• _Prompt_: The result should hold only the lines from the one with "A New York subway" through the final line of the data below, transcribed exactly, pictures left out.

• _Dataset section_:
━━━━━━━━━━━━━━━━━━━━━━━━━━━━━━
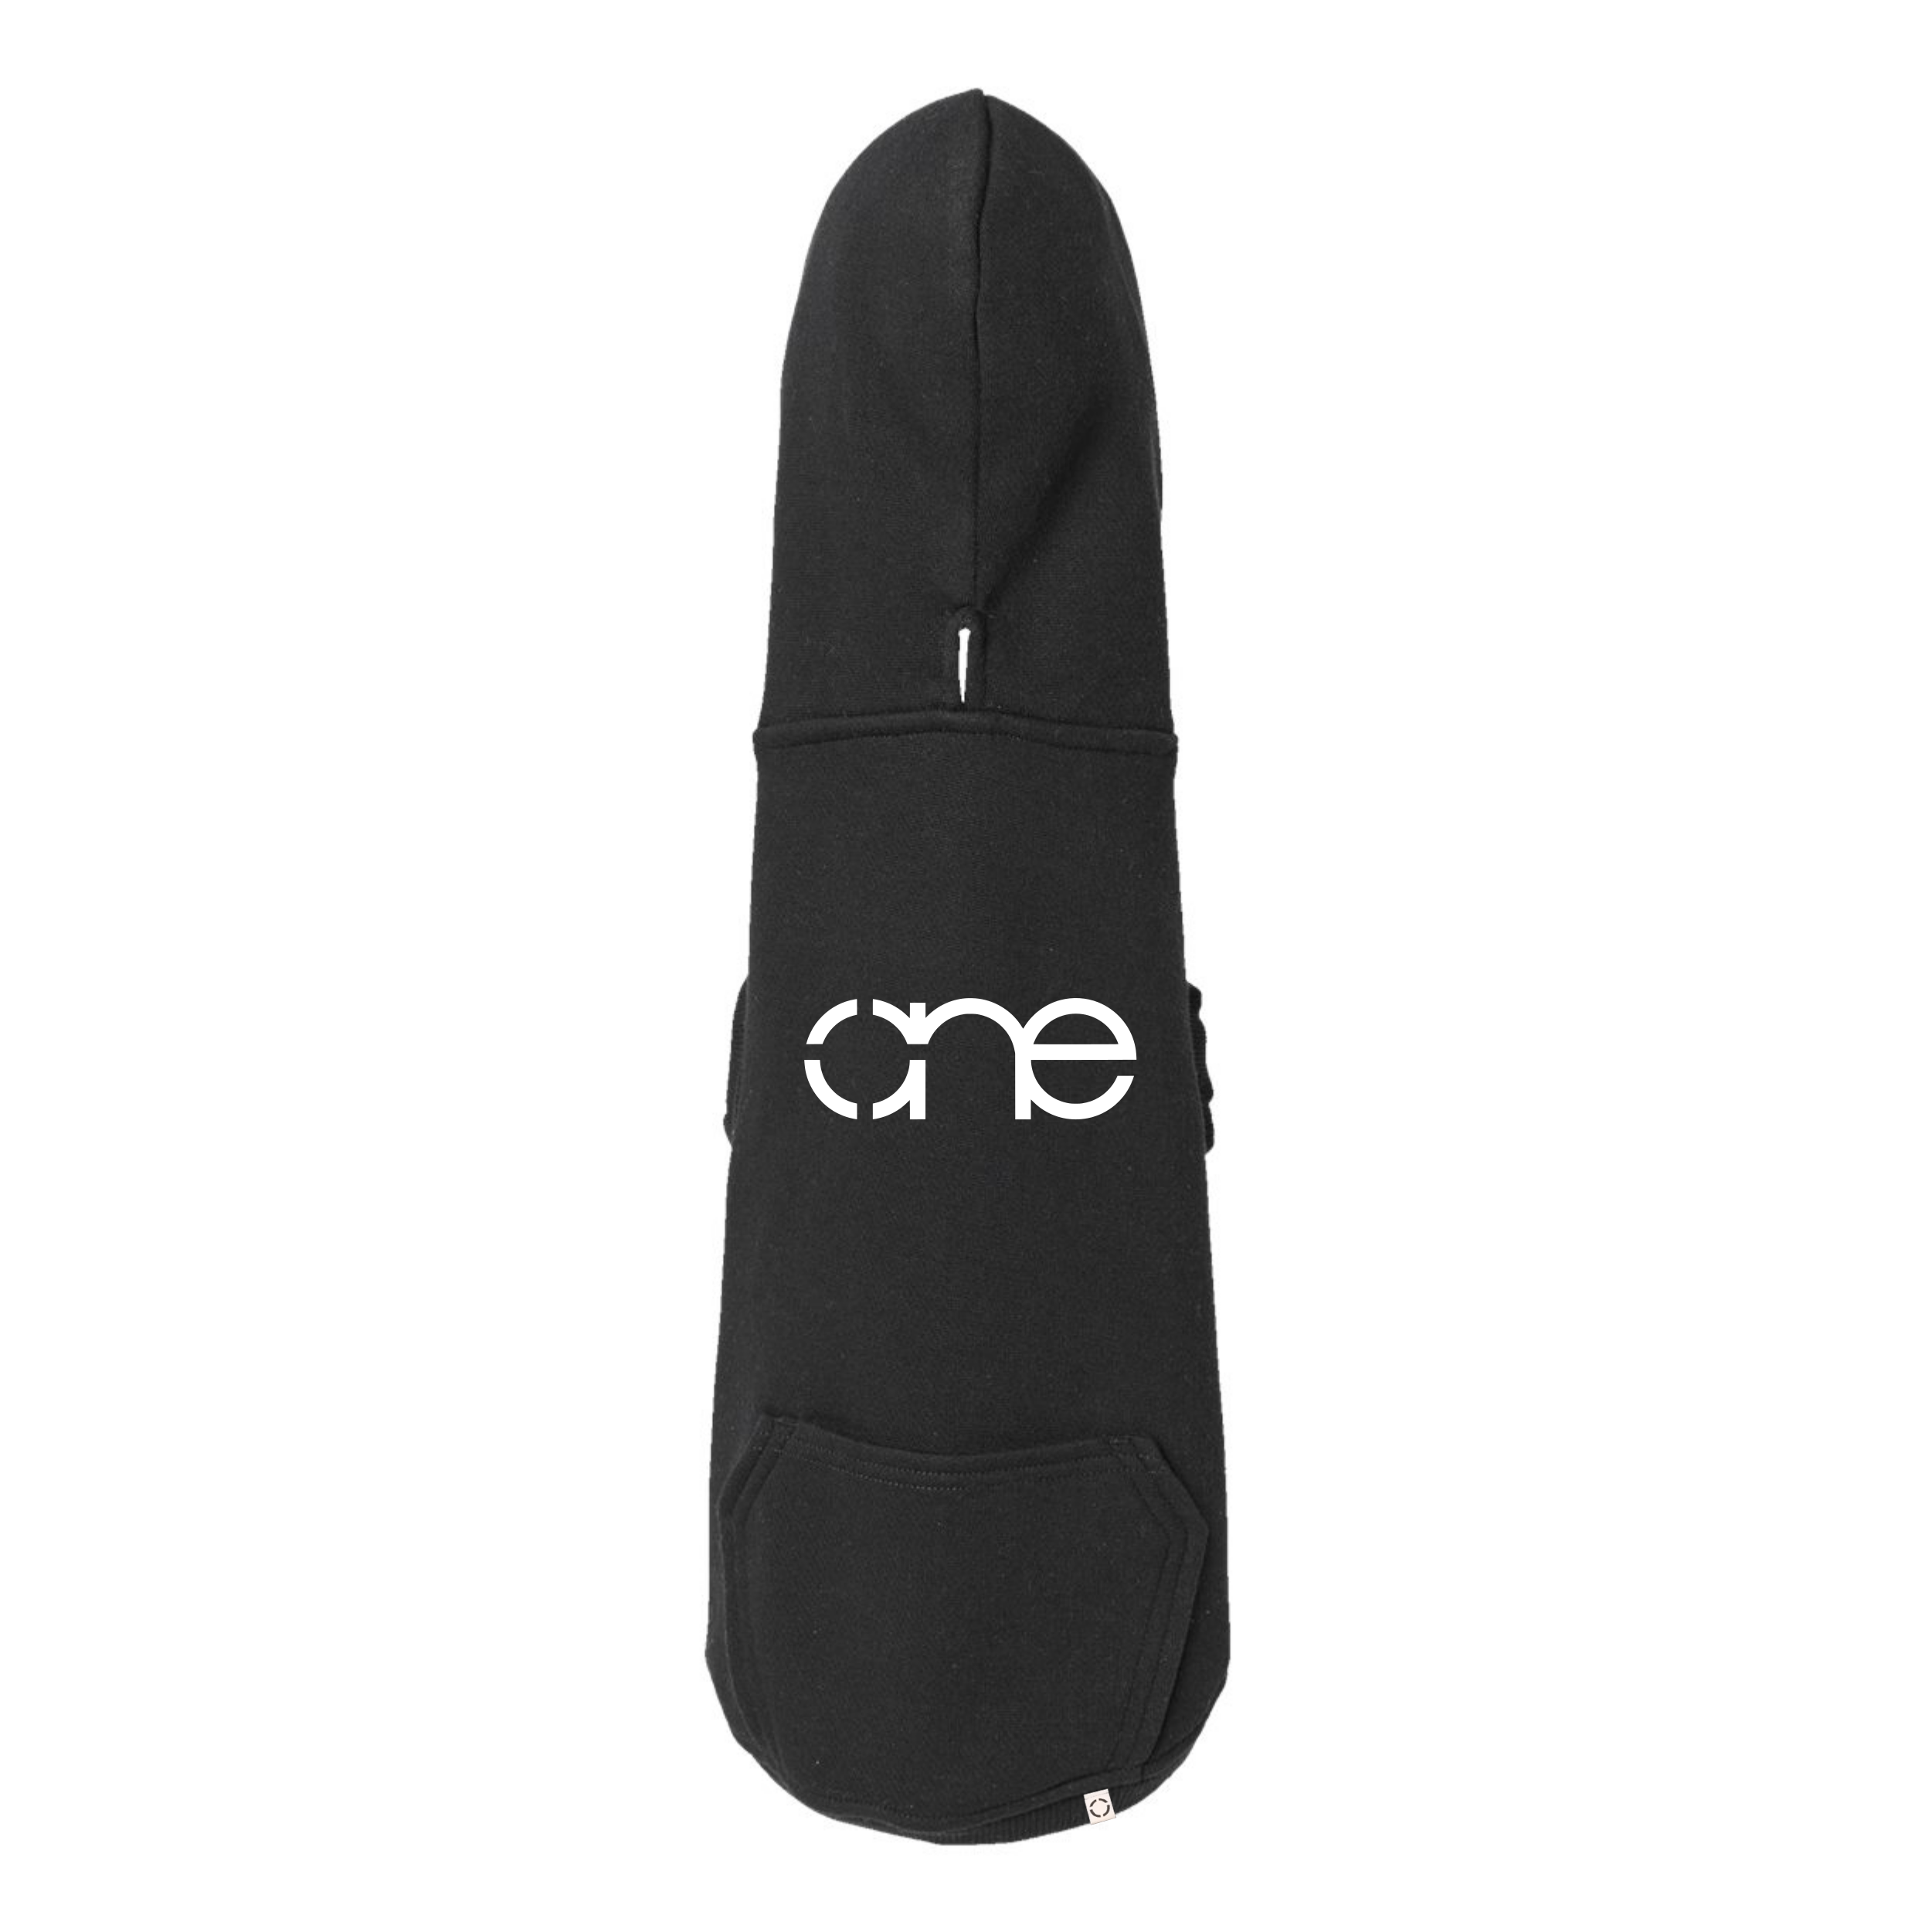 Doggie 3-End Fleece Hoodie in black, with white “One” logo, back view.
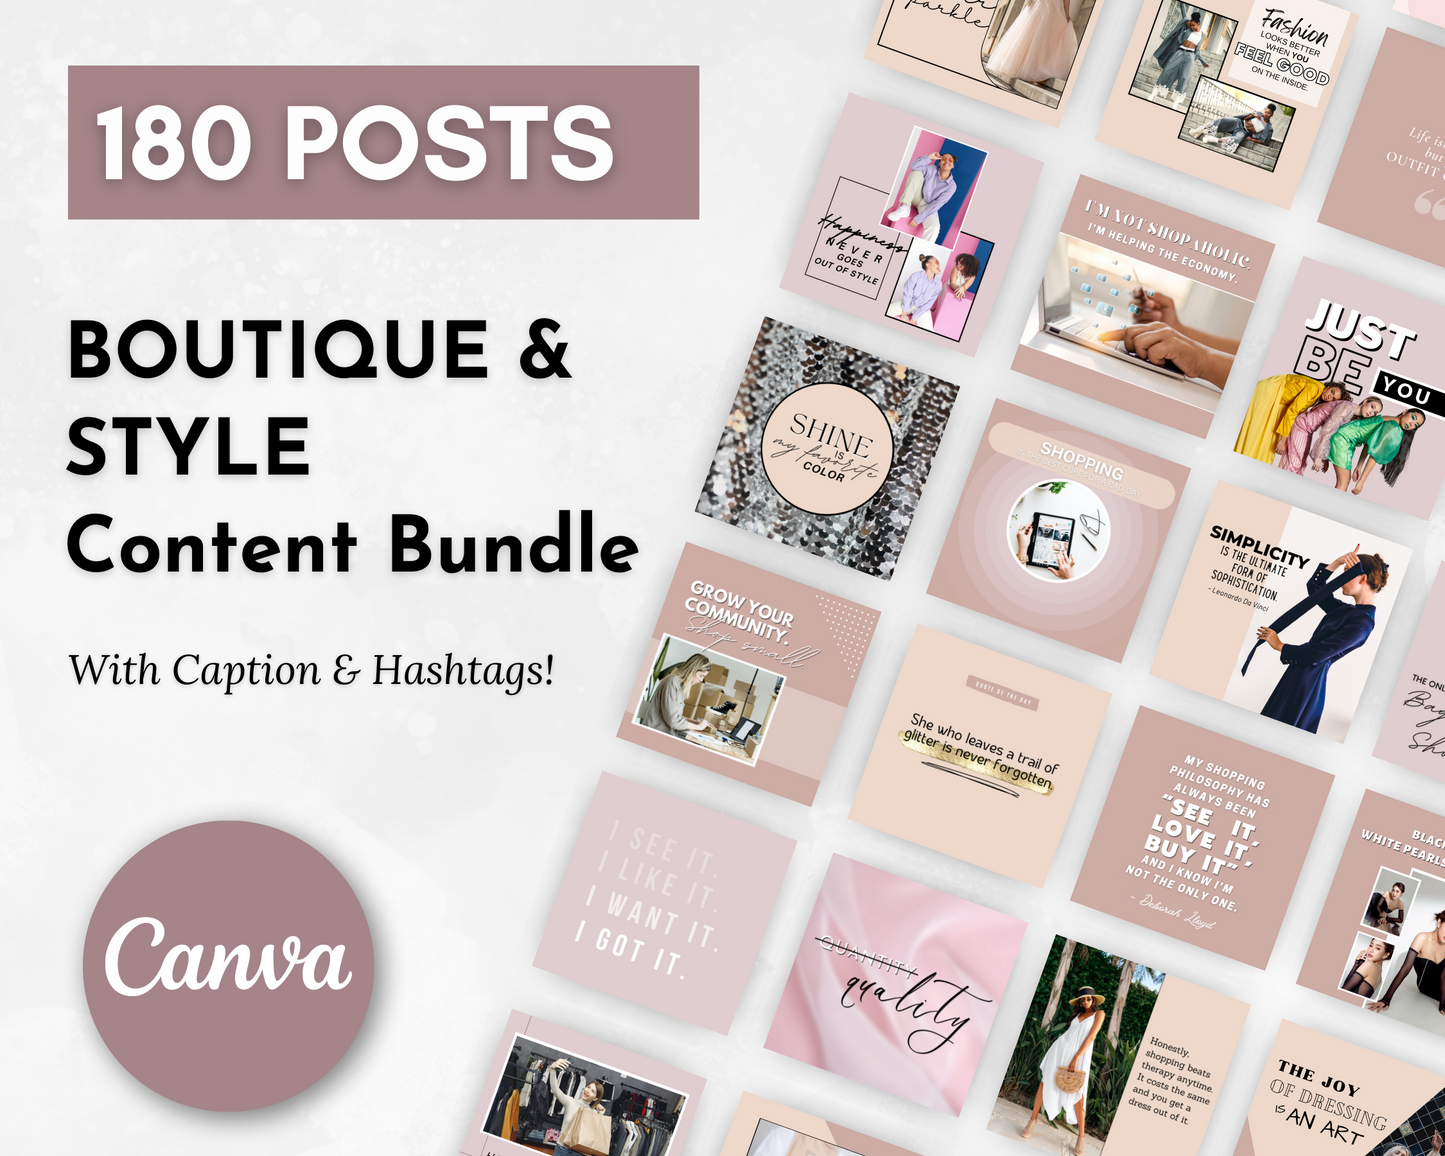 Boutique & Style Store Social Media Post Bundle with Canva Templates
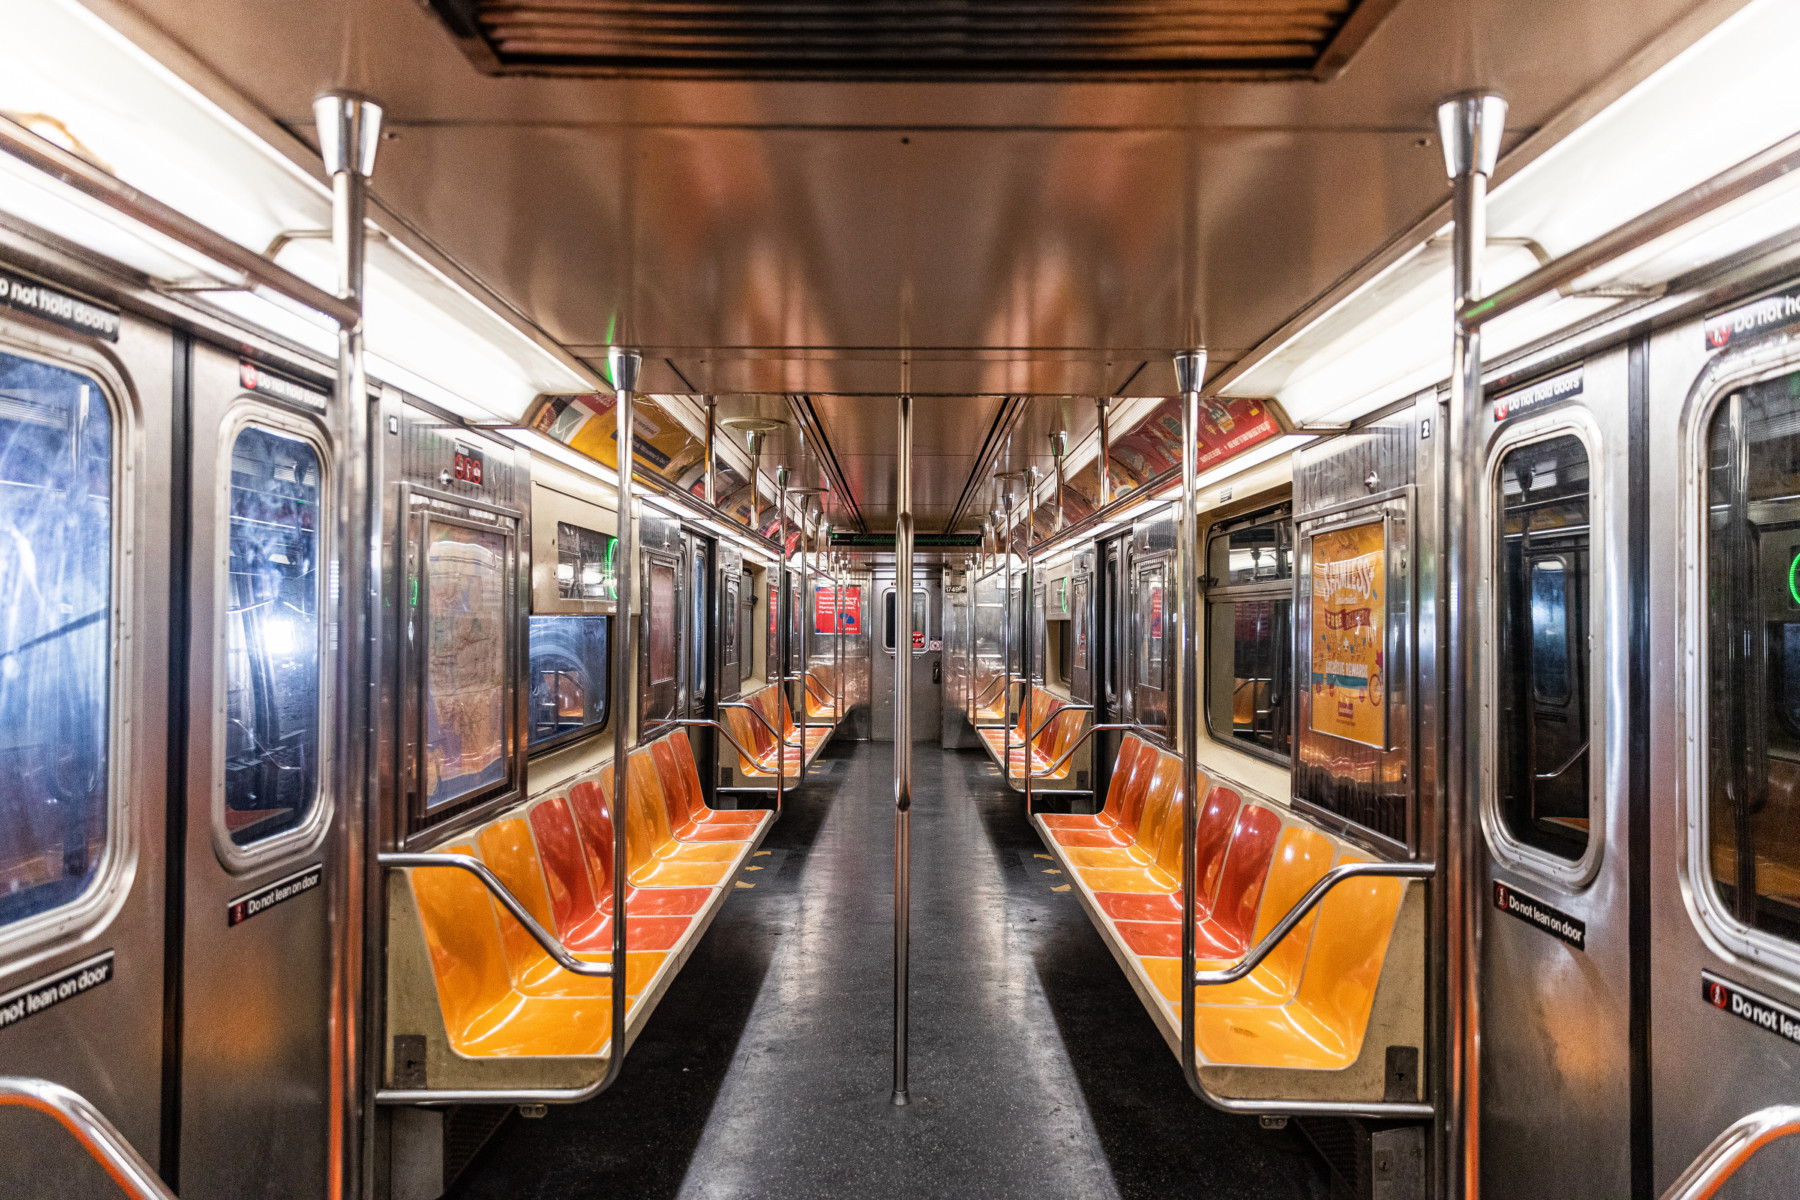 A New York subway car is completely void of people during peak hours
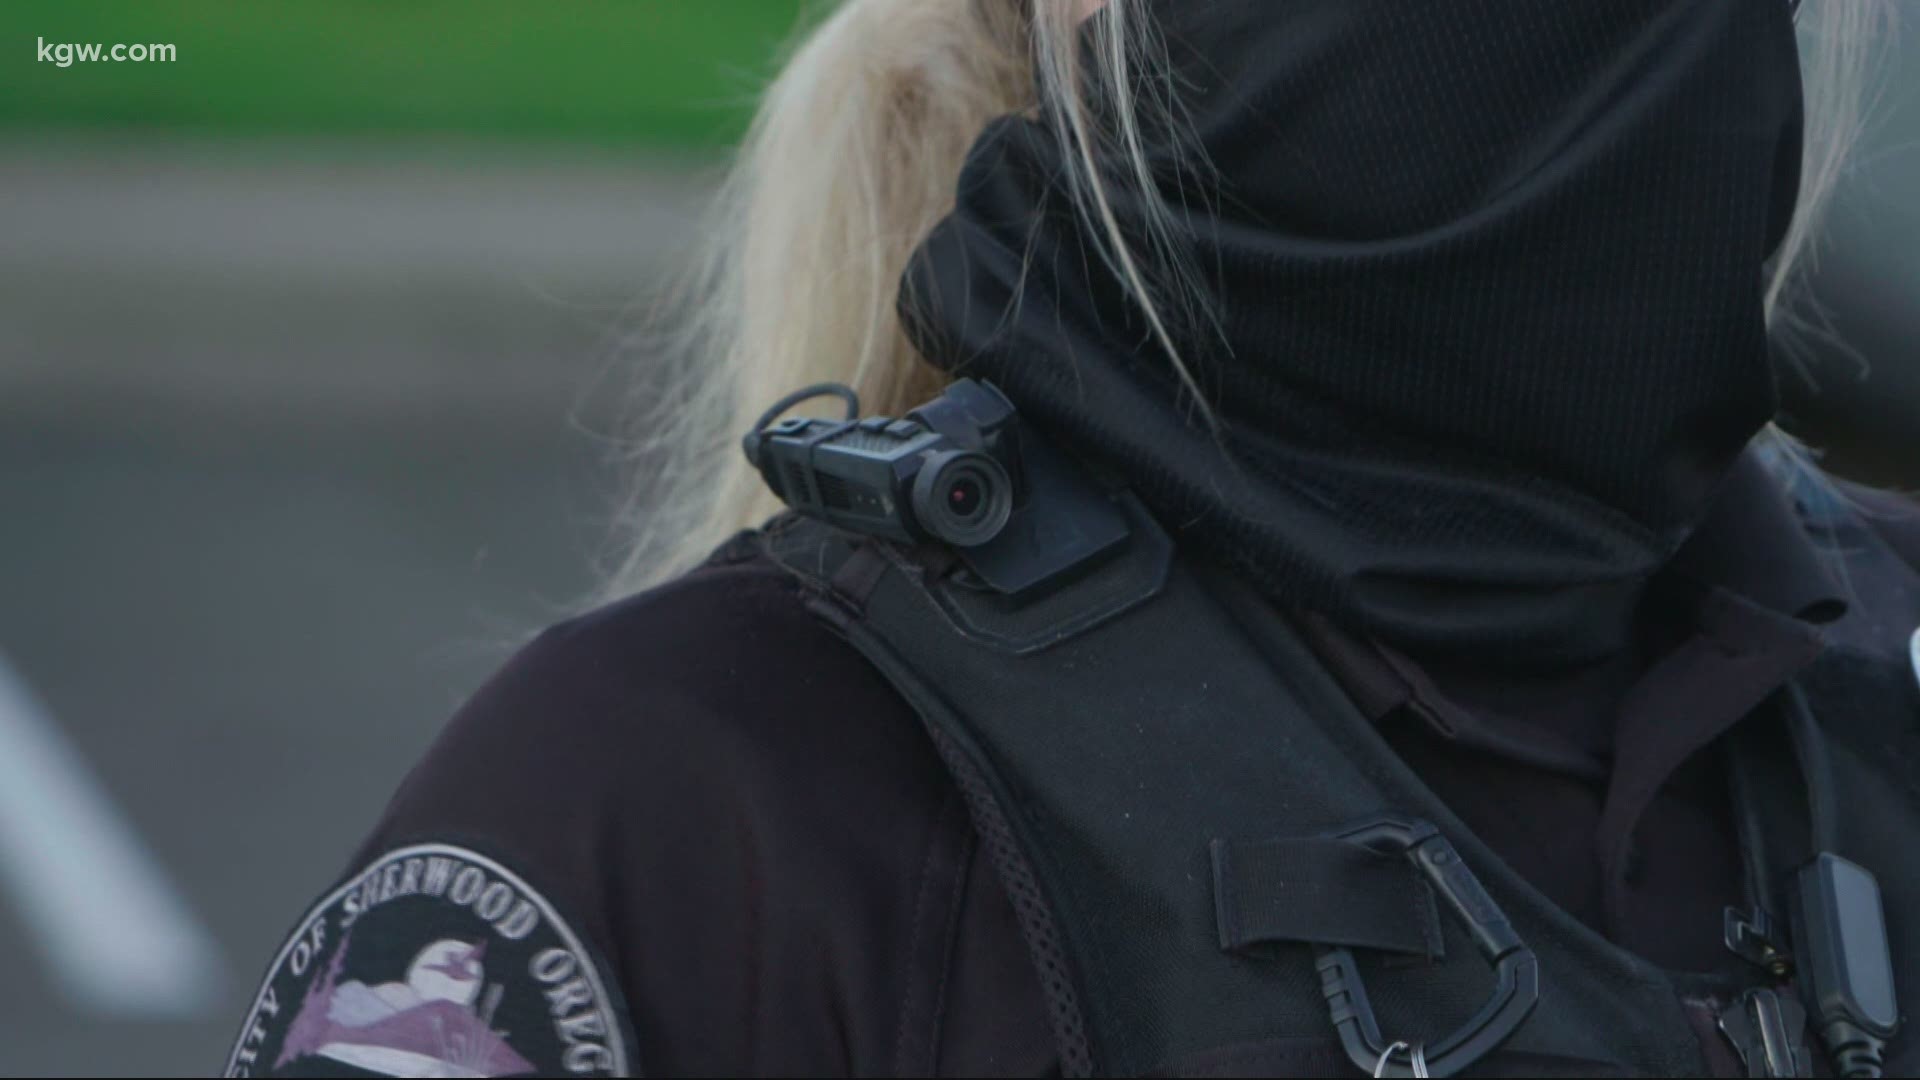 City commissioners were asked to share opinions after a KGW investigation found Portland was the only big-city police department that doesn’t use body-worn cameras.
━━━━━━━━━━━━━━━━━━━━━━━━━━━━━━
• _Your solution_:
 A New York subway car is completely void of people during peak hours
 City commissioners were asked to share opinions after a KGW investigation found Portland was the only big-city police department that doesn’t use body-worn cameras.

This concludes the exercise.